You get the correct density plot:

That’s it – no further parameters, all information is obtained from the image file.

Another program is available in the gdal-tools repository that buffers a raster mask by a certain distance – again in real world units rather than projected coordinates. Taking a coastline mask for example (produced from a coastline shapefile through gdal_rasterize --config GDAL_CACHEMAX 2048 -a_srs EPSG:3857 -ot Byte -ts 1024 1024 -te -20037508.342789244 -20037508.342789244 20037508.342789244 20037508.342789244 -burn 255 -at osm_coastlines_land_3857.shp coast_mask.tif – the -at ensures you do not miss any small islands):

You can run

gdal_maskbuffer coast_mask.tif 200000

and get a 200 km buffer of the coastline:

None of the common vector processing packages offers variable width buffering. If you for example apply ST_Buffer() in PostGIS you will get a constant width buffer in the chosen coordinate system, even when using the Geography data type, and when the feature extents across half the globe this will be wrong (see the warning in the above linked documentation). The only way you can achieve correct buffering in a global vector data set is by splitting all geometries into small enough chunks so scale variance does not matter any more for the individual feature and buffer them individually by the individually calculated distance. This is a lot of work and even that will fail when you want to buffer by a large distance where scale variation has an effect. You would then have to buffer in steps and split the geometries again in between…
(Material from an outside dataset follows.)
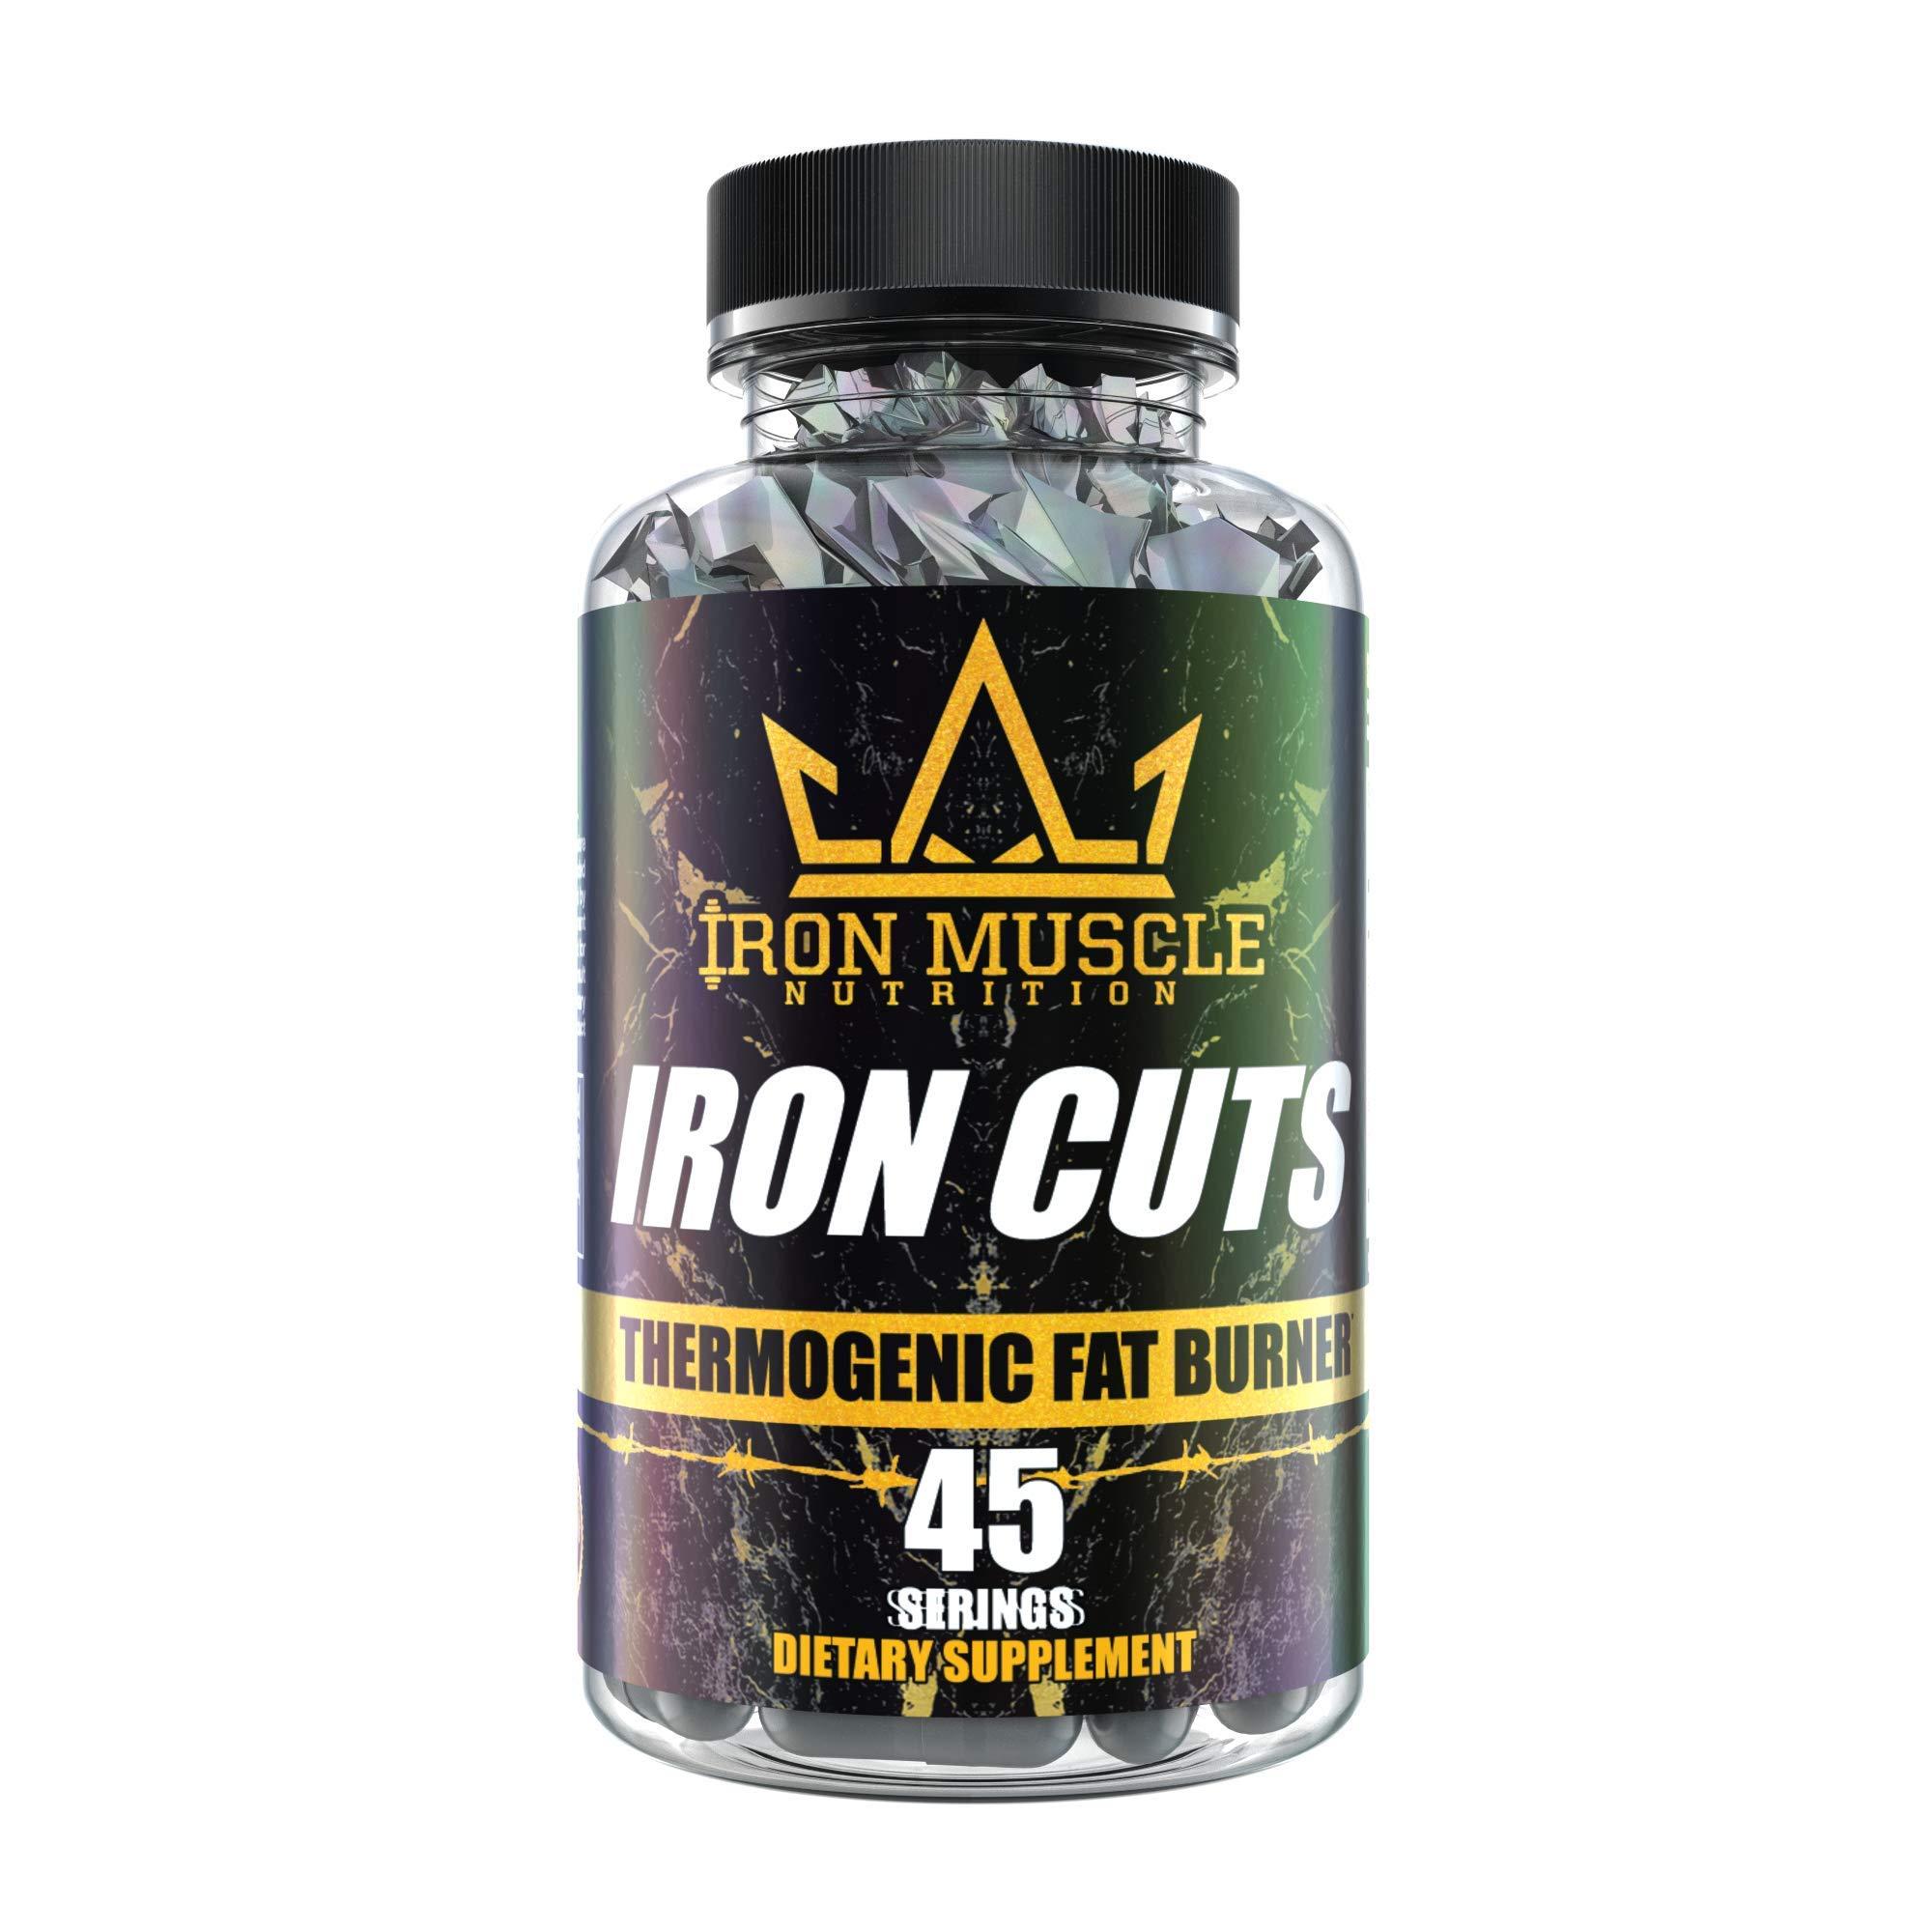 Iron Muscle Iron Cuts Fat Burner by IRON MUSCLE

gdal_maskbuffer currently only support isotropic scaling – proj4 would also support anisotropy but the CImg distance calculation only covers the isotropic case. It also does not take into account the periodic boundary conditions in x-direction. Both tools have only been tested for web mercator (EPSG:3857) but should work on other projections as well. gdal_valscale also currently unnecessarily loads the whole image into memory which could cause problems with large images (IIRC GDALDataset::RasterIO() does not support reading above the 32bit limit at the moment). Internally the tools invoke the pj_factors() function from proj4 to determine the required scaling factors which you can also have the proj tool report for individual coordinates.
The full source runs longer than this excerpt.